--- THE TASK ---
Retype the following data exactly, but leave its pictures out.

--- DATA EXTRACT ---
++++++++

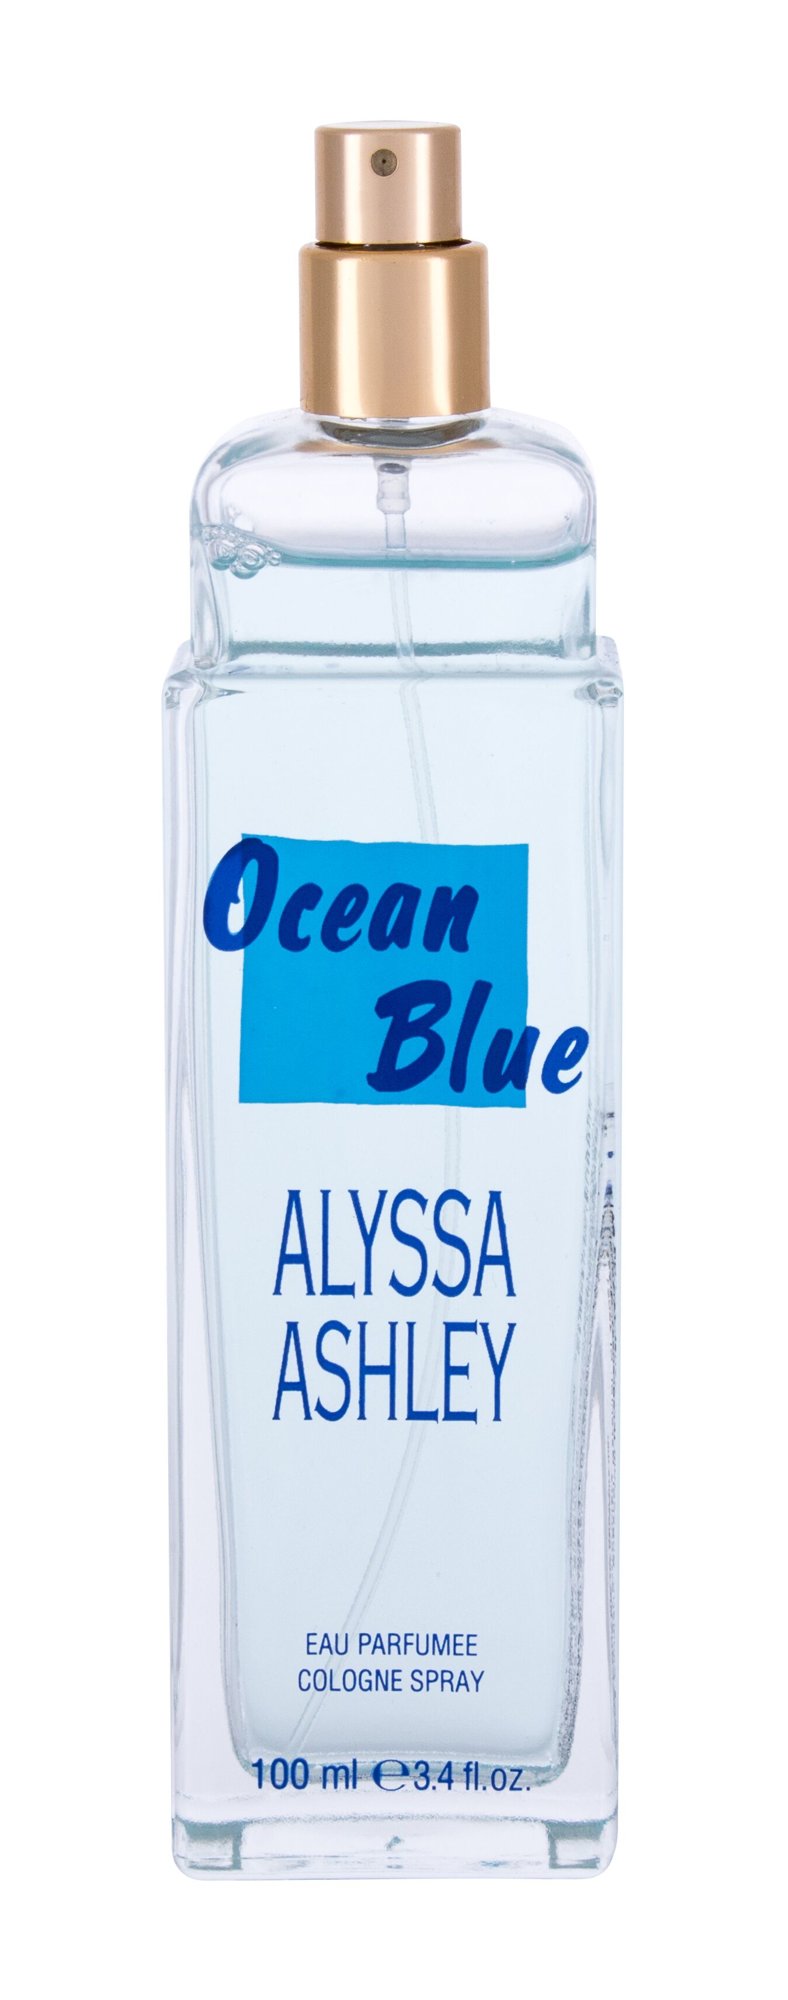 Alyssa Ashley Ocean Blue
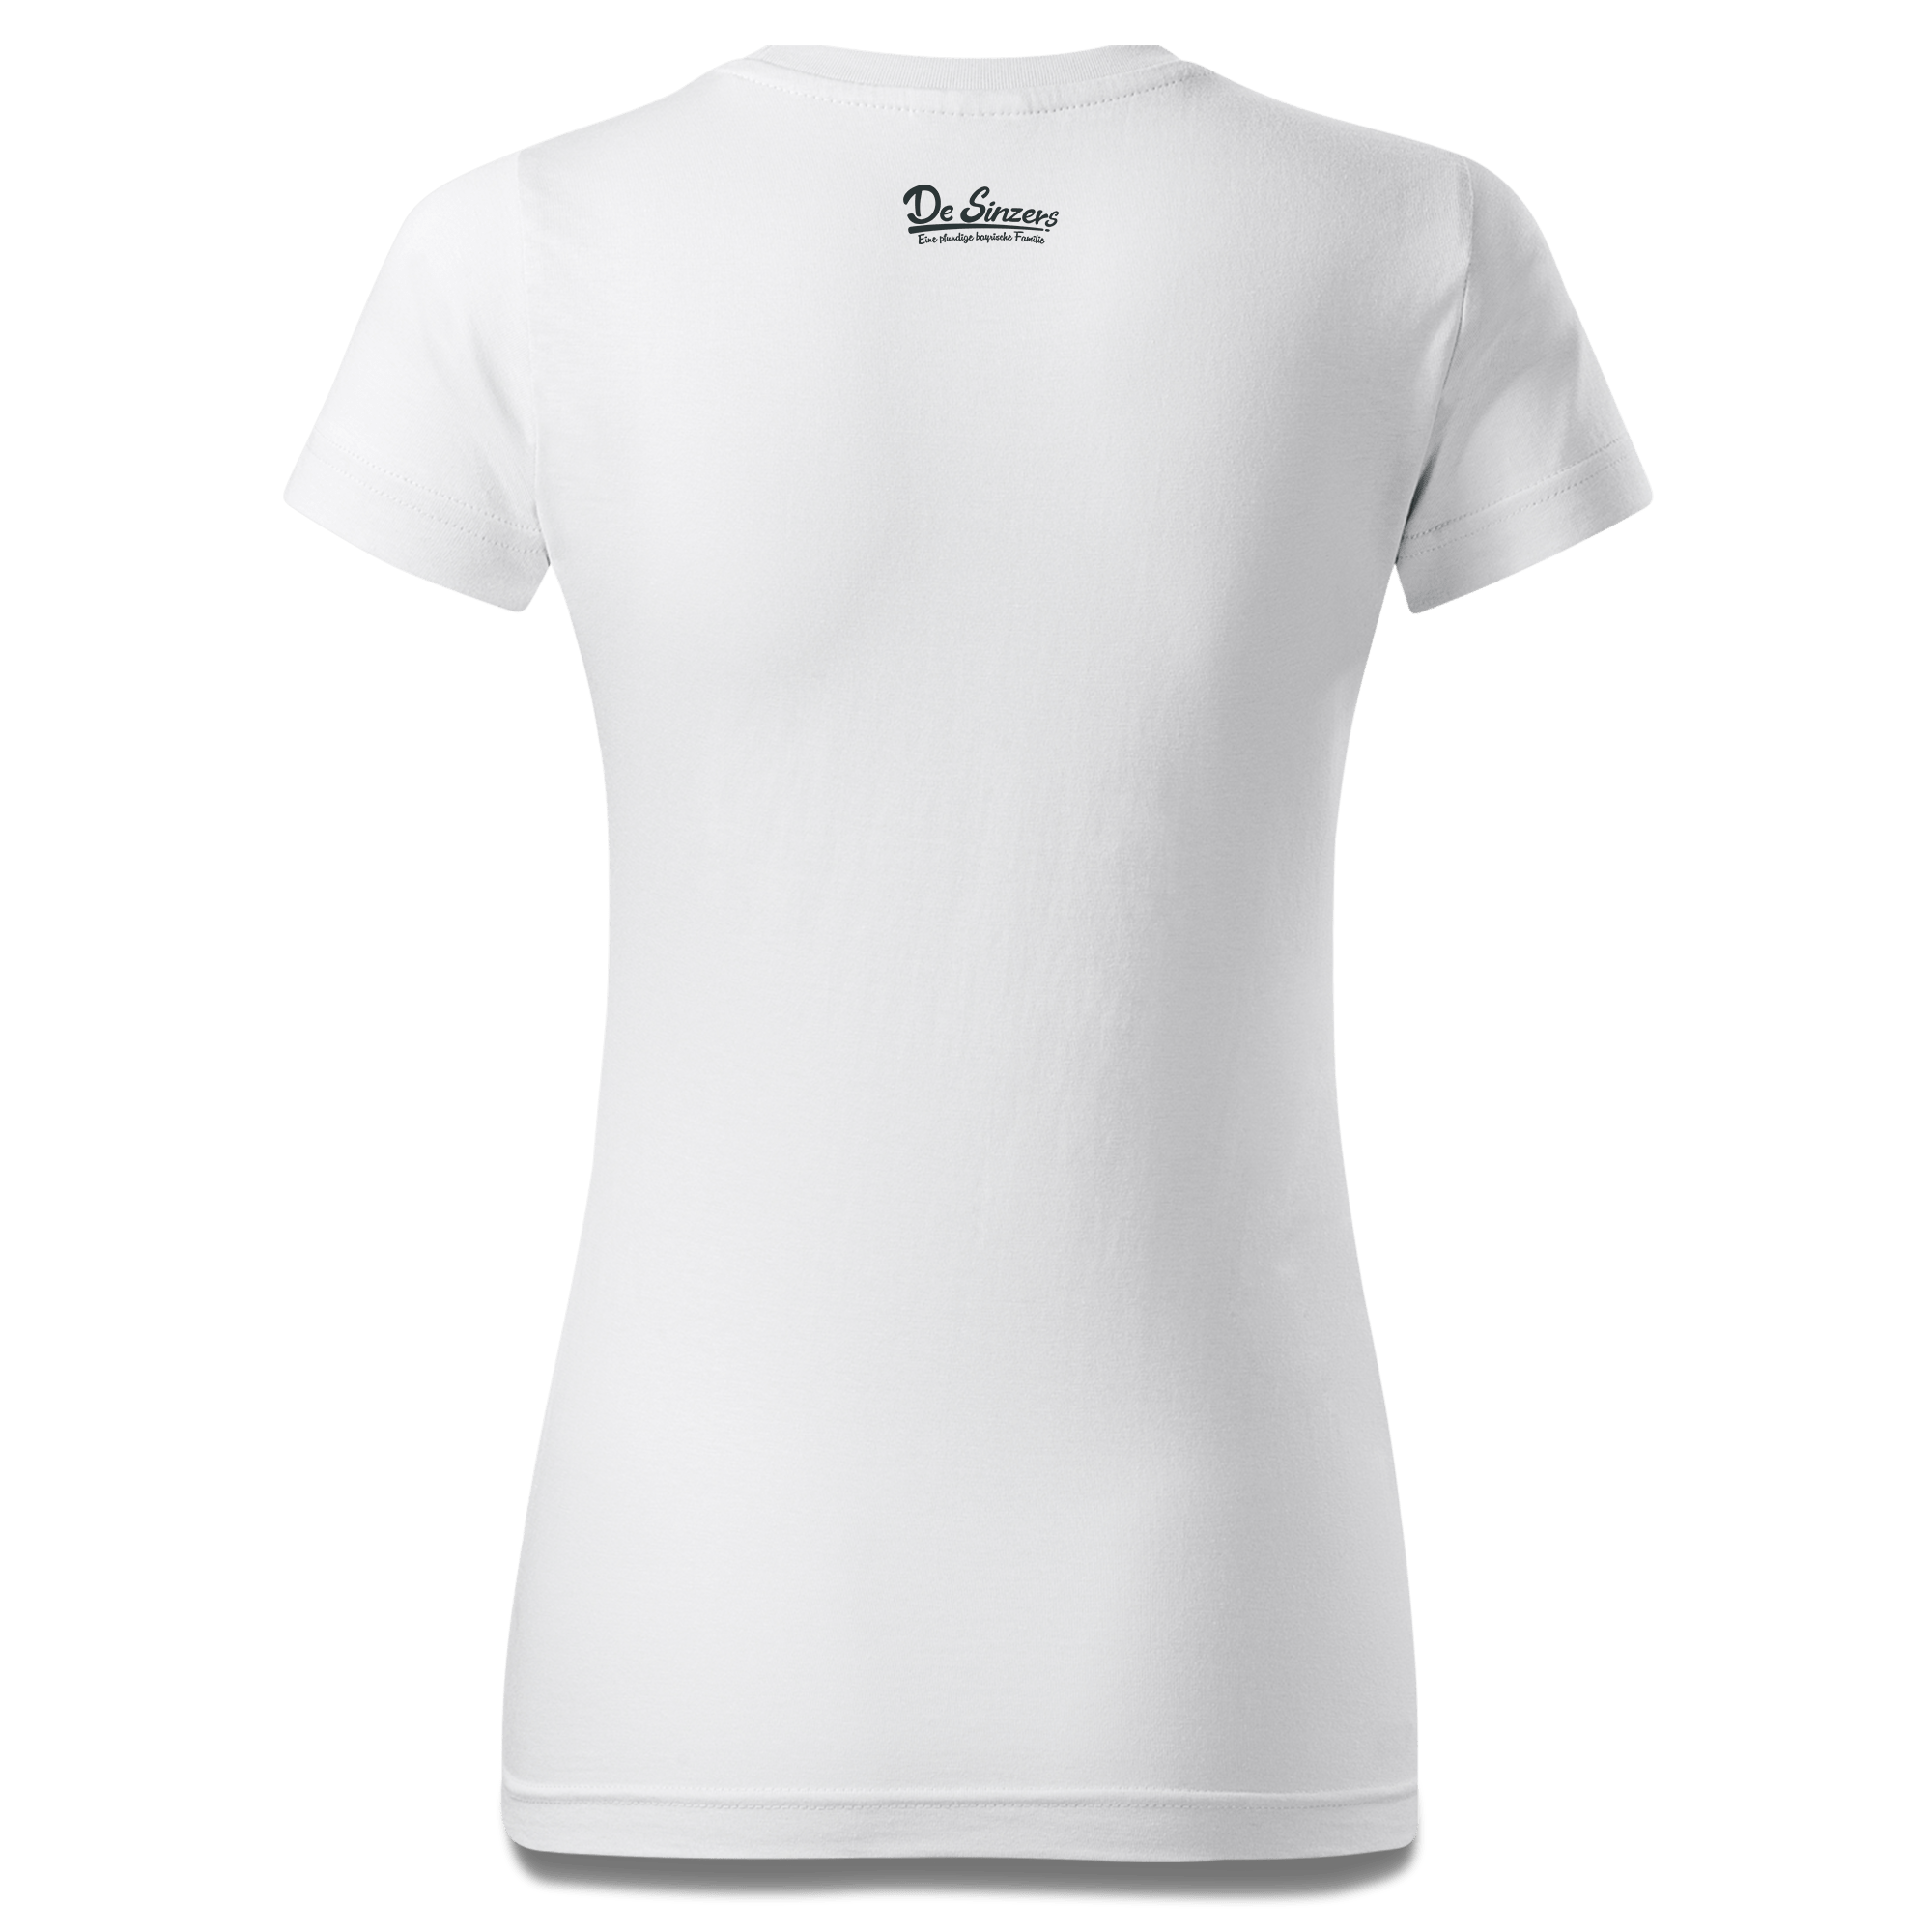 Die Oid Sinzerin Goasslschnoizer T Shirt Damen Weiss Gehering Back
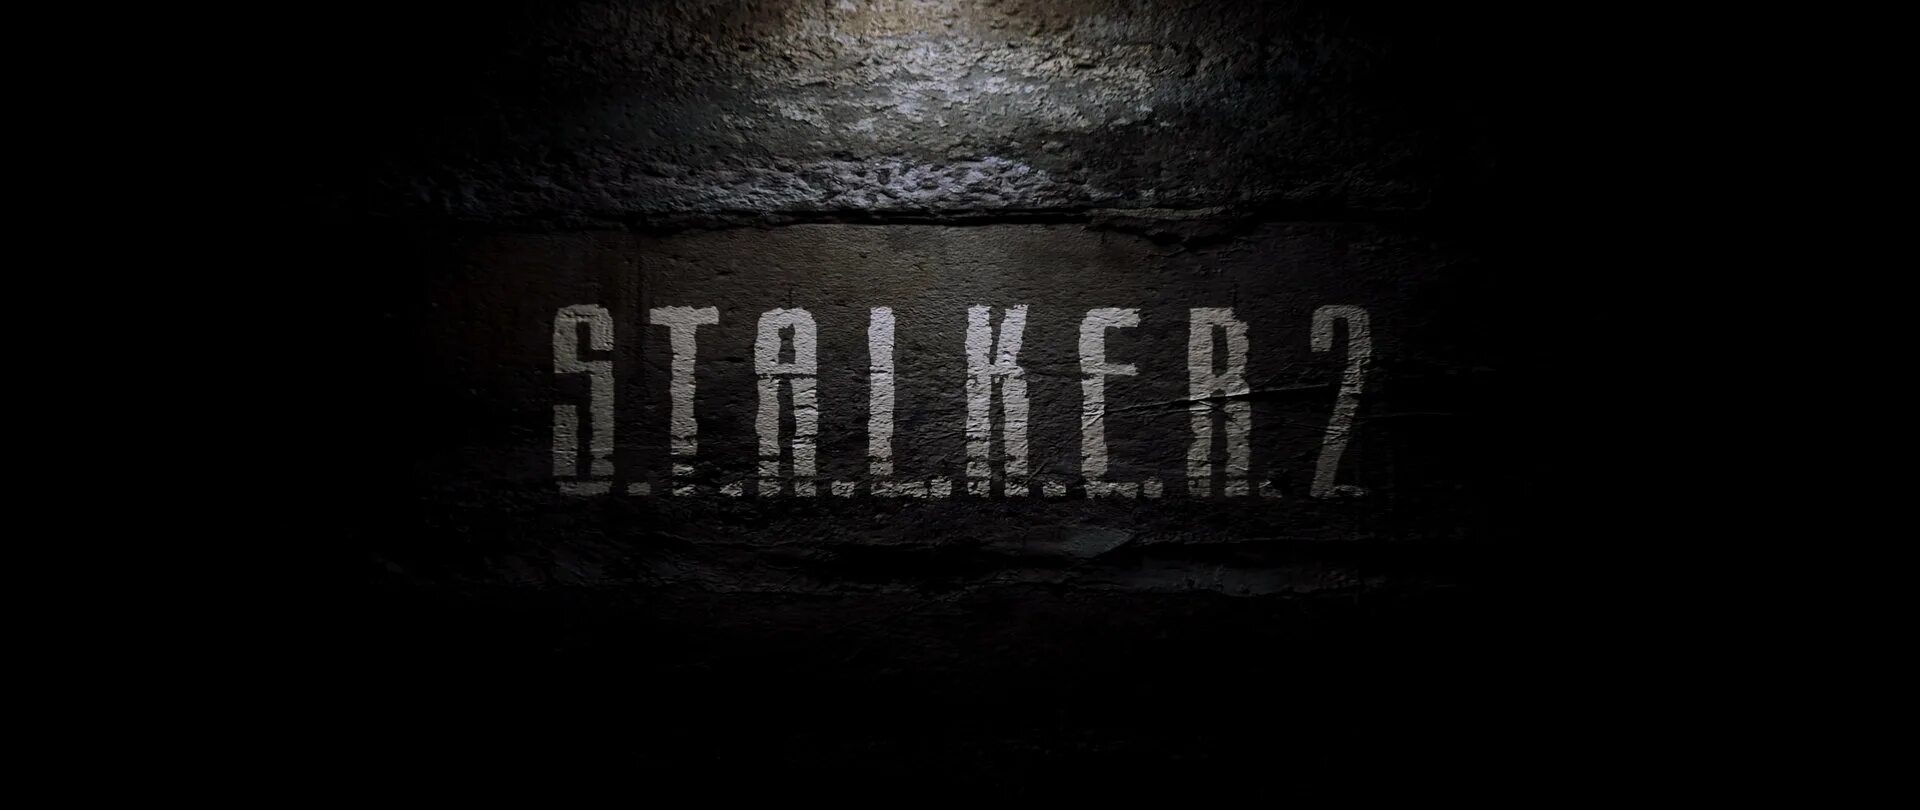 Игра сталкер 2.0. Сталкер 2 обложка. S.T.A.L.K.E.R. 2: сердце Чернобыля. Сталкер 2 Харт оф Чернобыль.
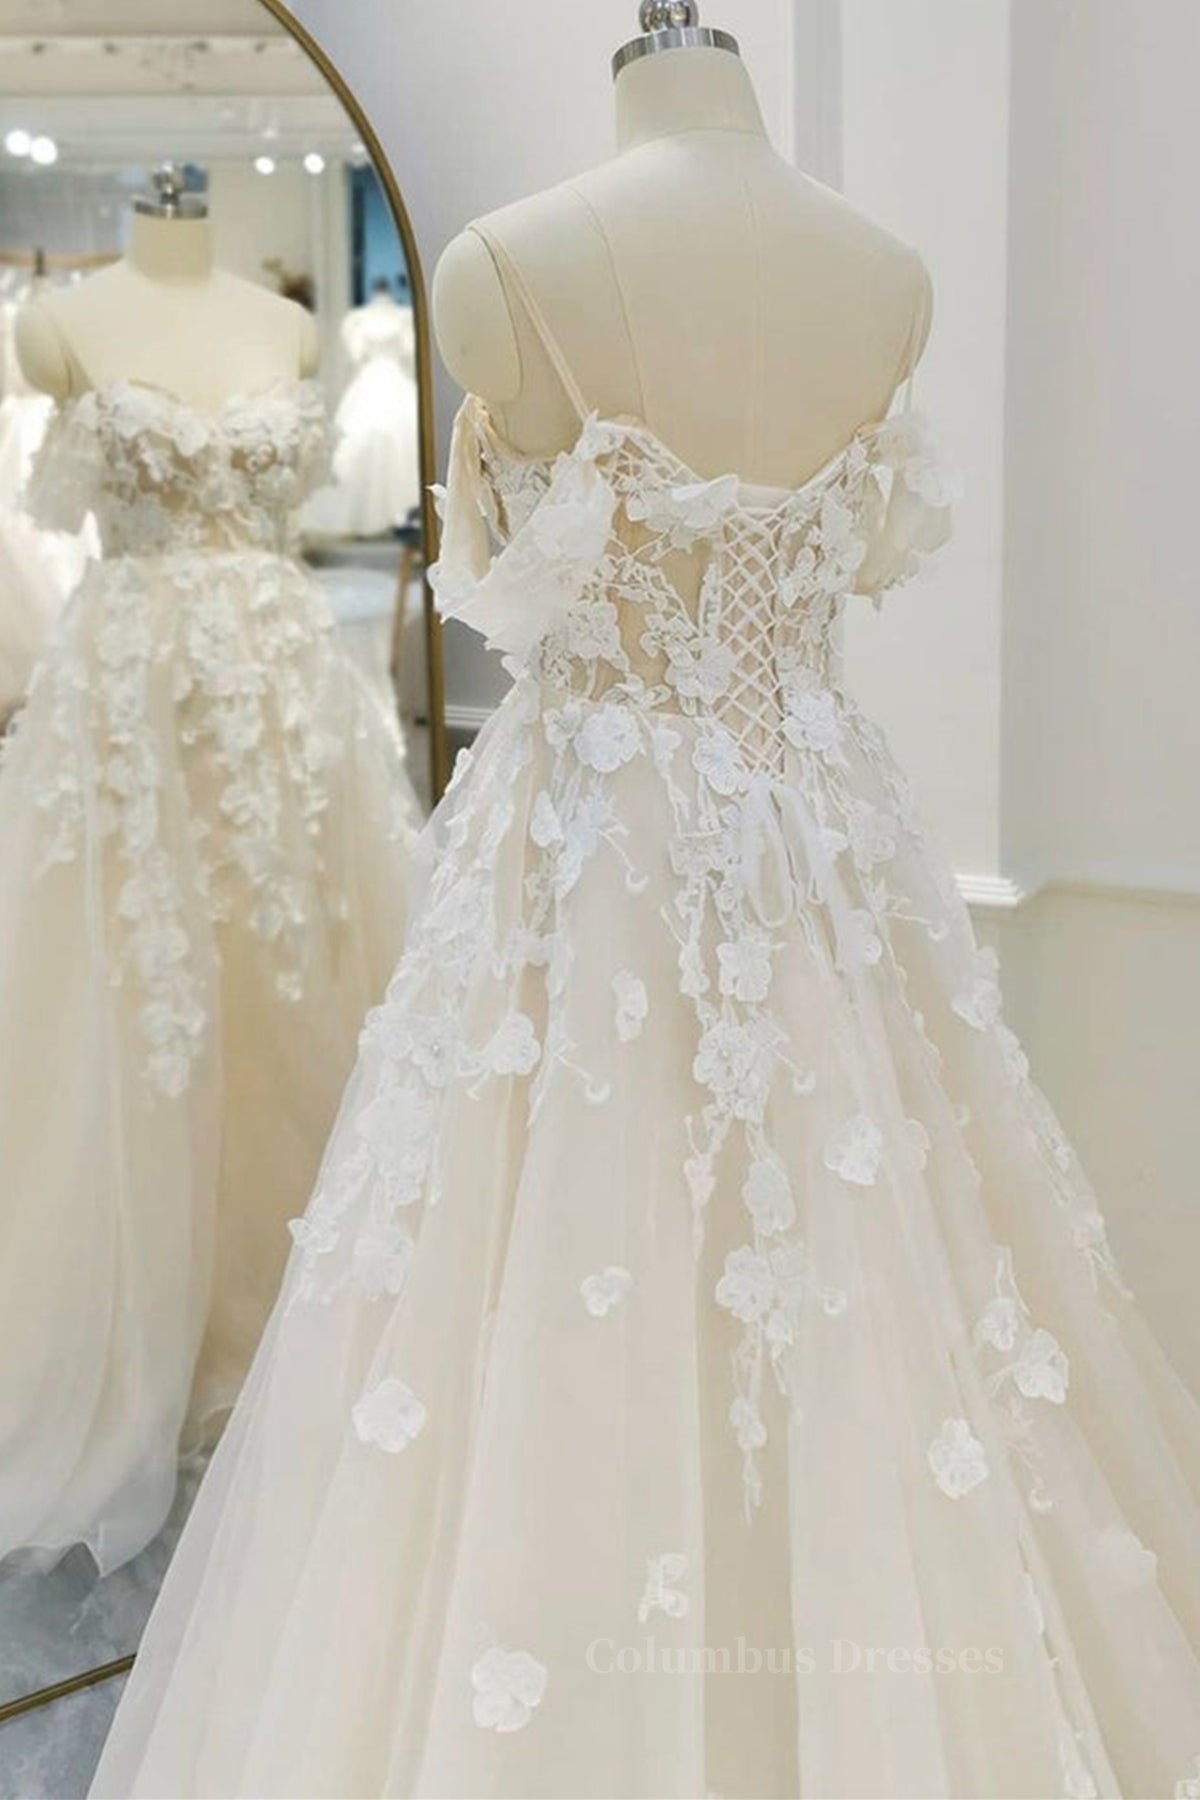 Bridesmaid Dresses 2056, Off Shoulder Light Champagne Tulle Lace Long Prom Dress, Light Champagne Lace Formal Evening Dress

++++++++

--- EXPECTED ANSWER ---
 Alyssa Ashley Ocean Blue
 Die Oid Sinzerin Goasslschnoizer T Shirt Damen Weiss Gehering Back
 Игра сталкер 2.0. Сталкер 2 обложка. S.T.A.L.K.E.R. 2: сердце Чернобыля. Сталкер 2 Харт оф Чернобыль.
 Bridesmaid Dresses 2056, Off Shoulder Light Champagne Tulle Lace Long Prom Dress, Light Champagne Lace Formal Evening Dress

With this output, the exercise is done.